======== RECORDED DATA ========
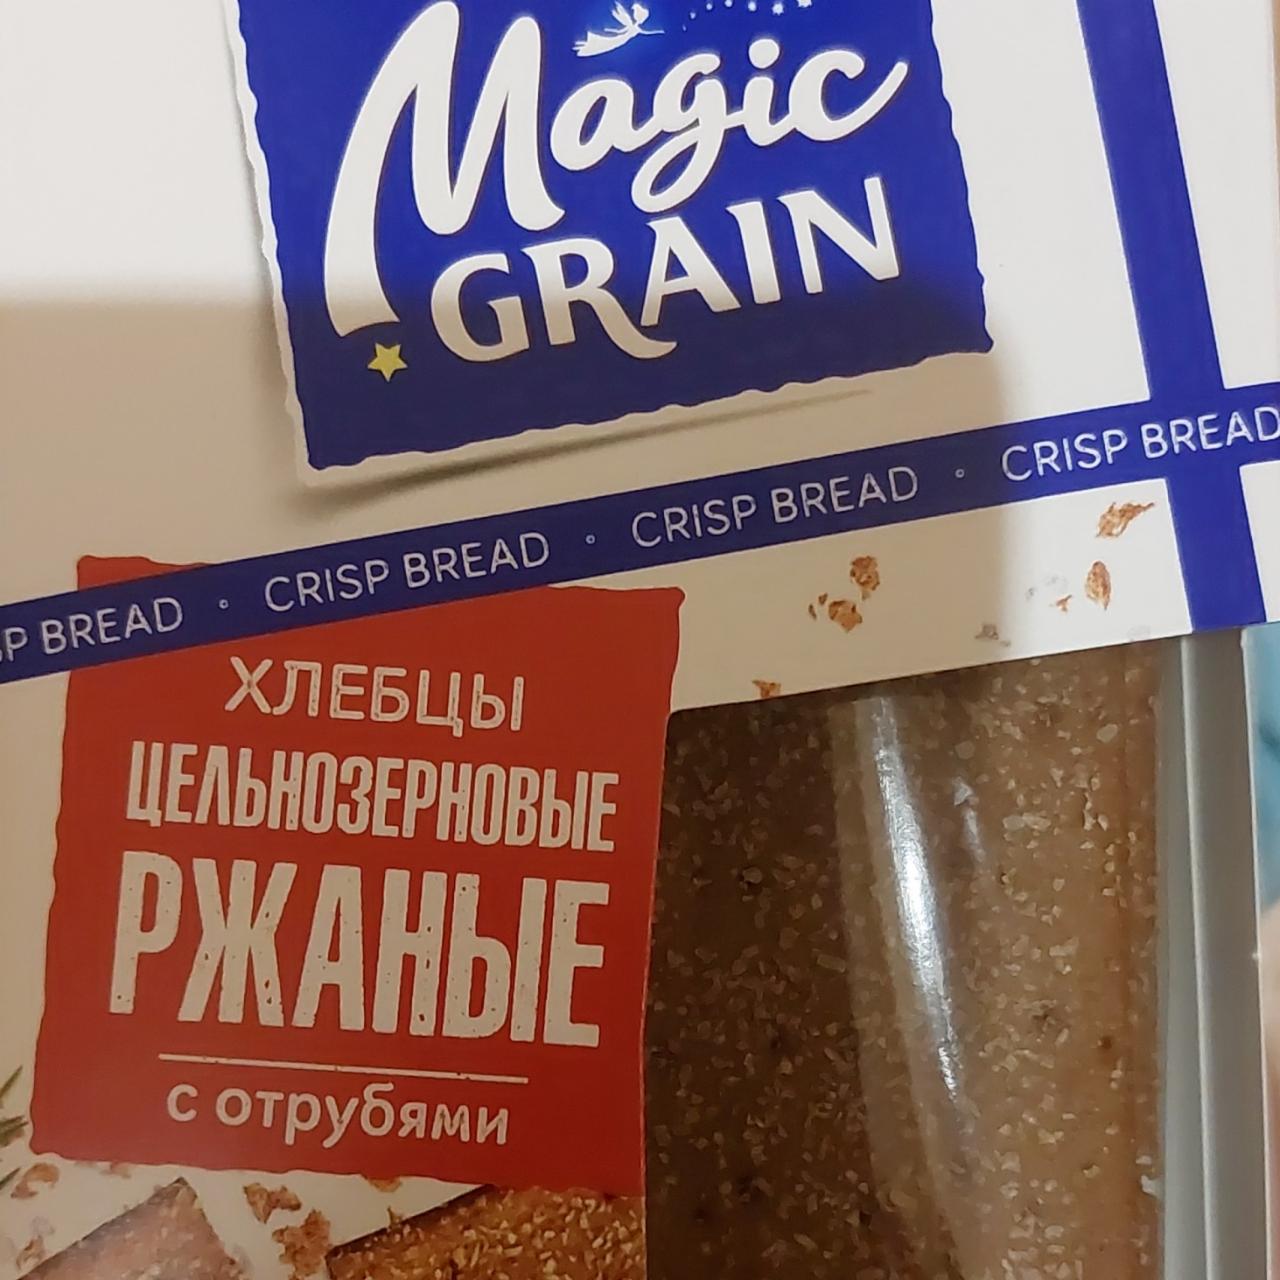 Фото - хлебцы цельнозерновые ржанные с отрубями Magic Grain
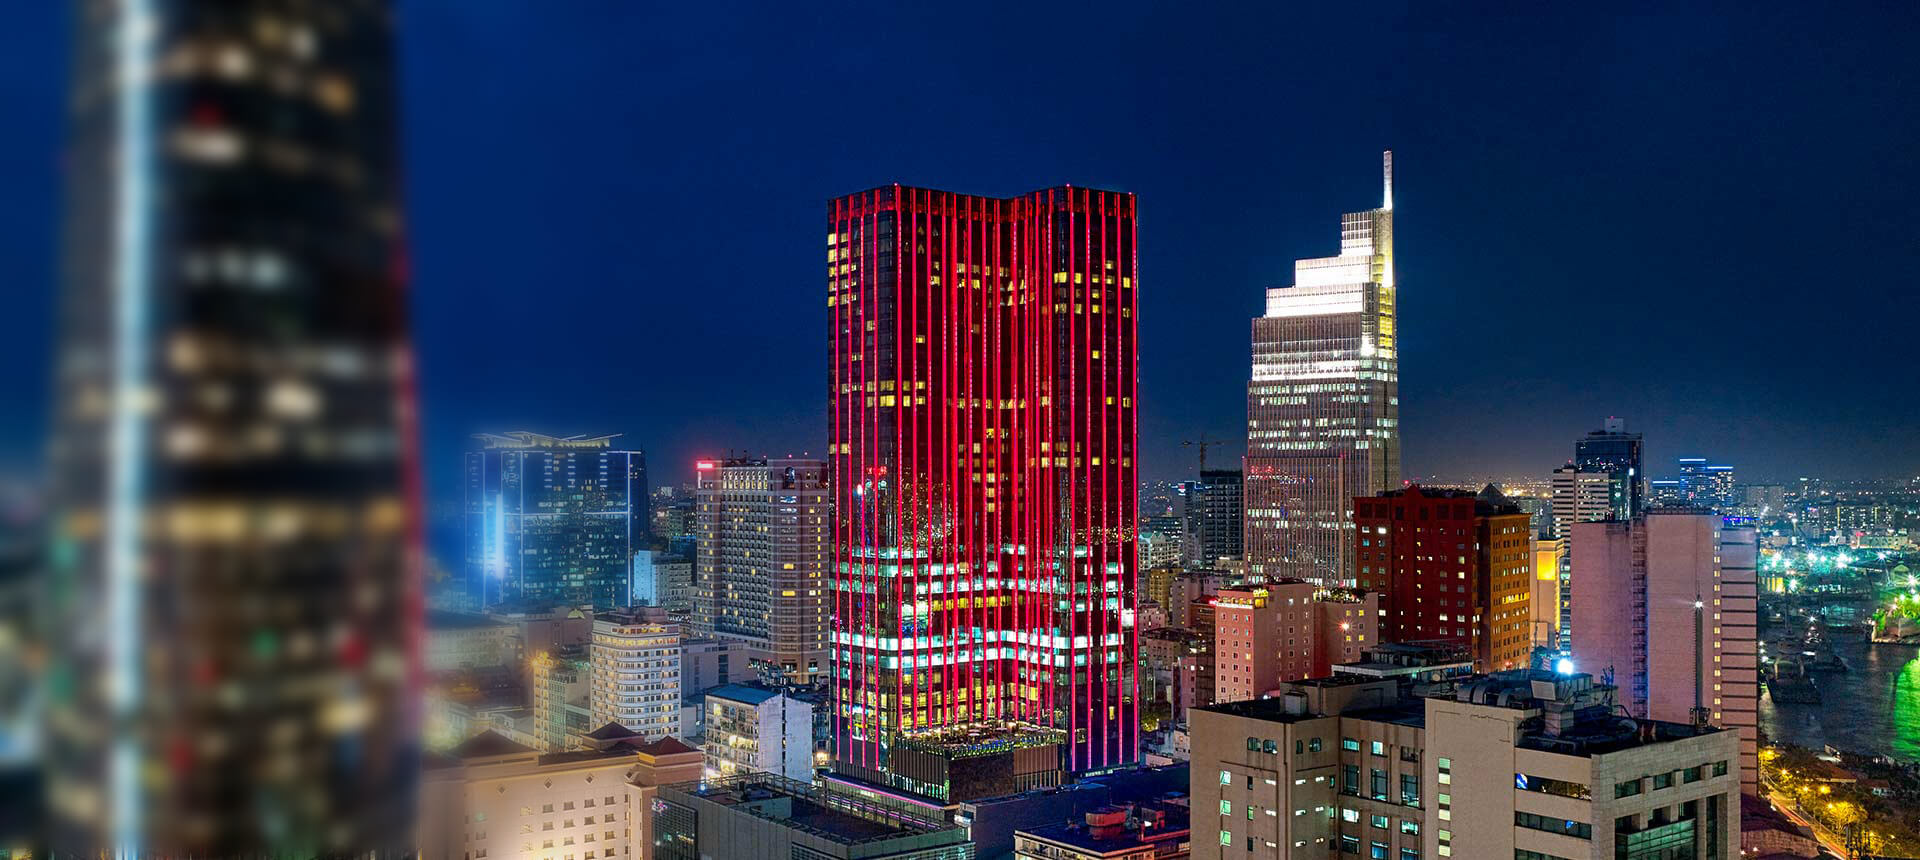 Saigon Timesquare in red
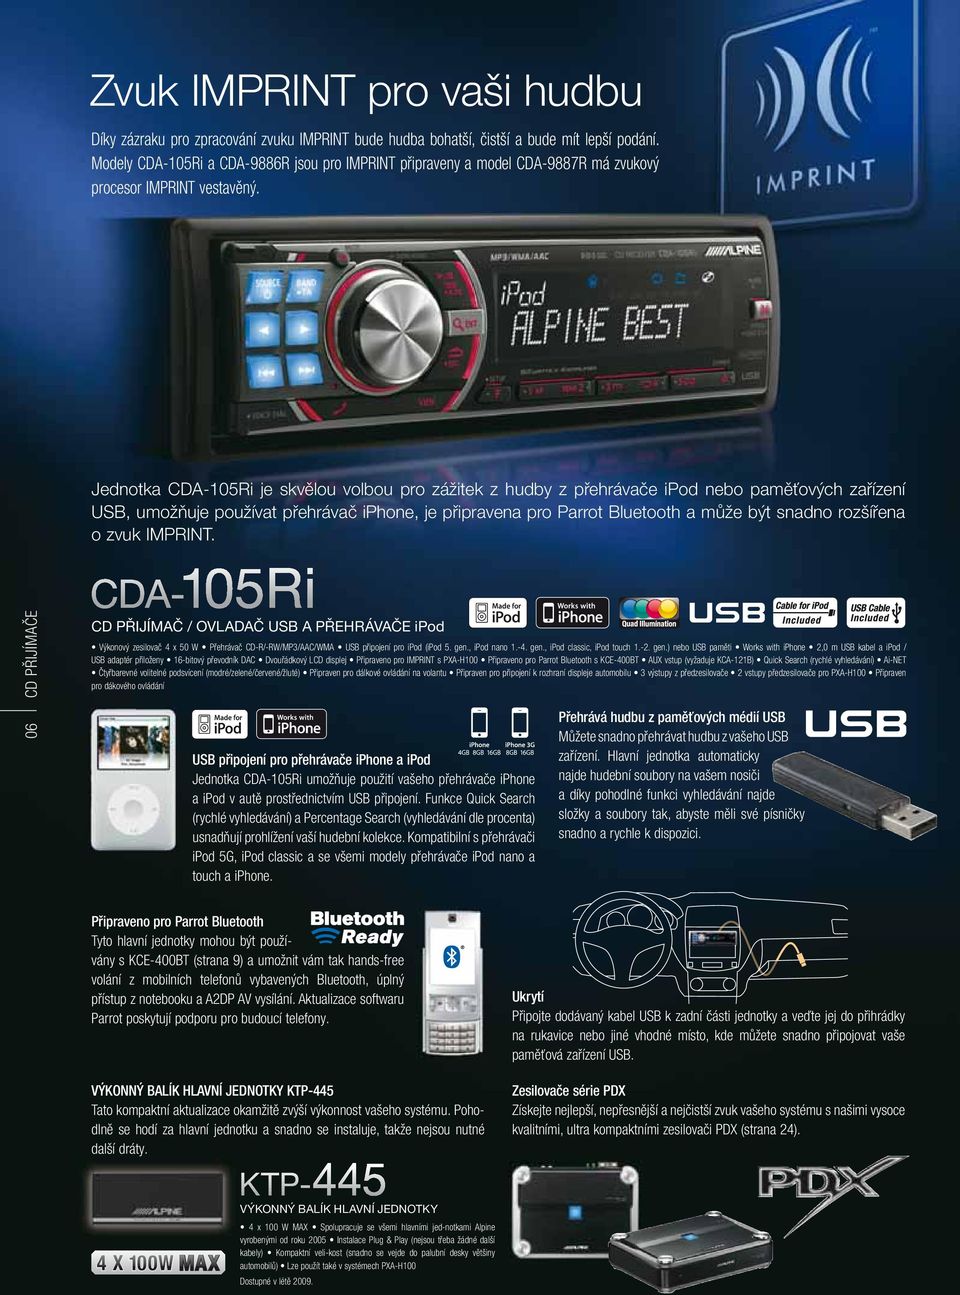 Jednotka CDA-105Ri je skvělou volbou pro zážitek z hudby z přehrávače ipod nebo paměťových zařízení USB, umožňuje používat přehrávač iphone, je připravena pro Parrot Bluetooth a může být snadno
========
INSTRUCTIONS TO FOLLOW: The answer should be the complete listing, set down exactly, without pictures.

ANSWER TO THIS TASK:
 Фото - хлебцы цельнозерновые ржанные с отрубями Magic Grain
 Saigon Timesquare in red
 Jednotka CDA-105Ri je skvělou volbou pro zážitek z hudby z přehrávače ipod nebo paměťových zařízení USB, umožňuje používat přehrávač iphone, je připravena pro Parrot Bluetooth a může být snadno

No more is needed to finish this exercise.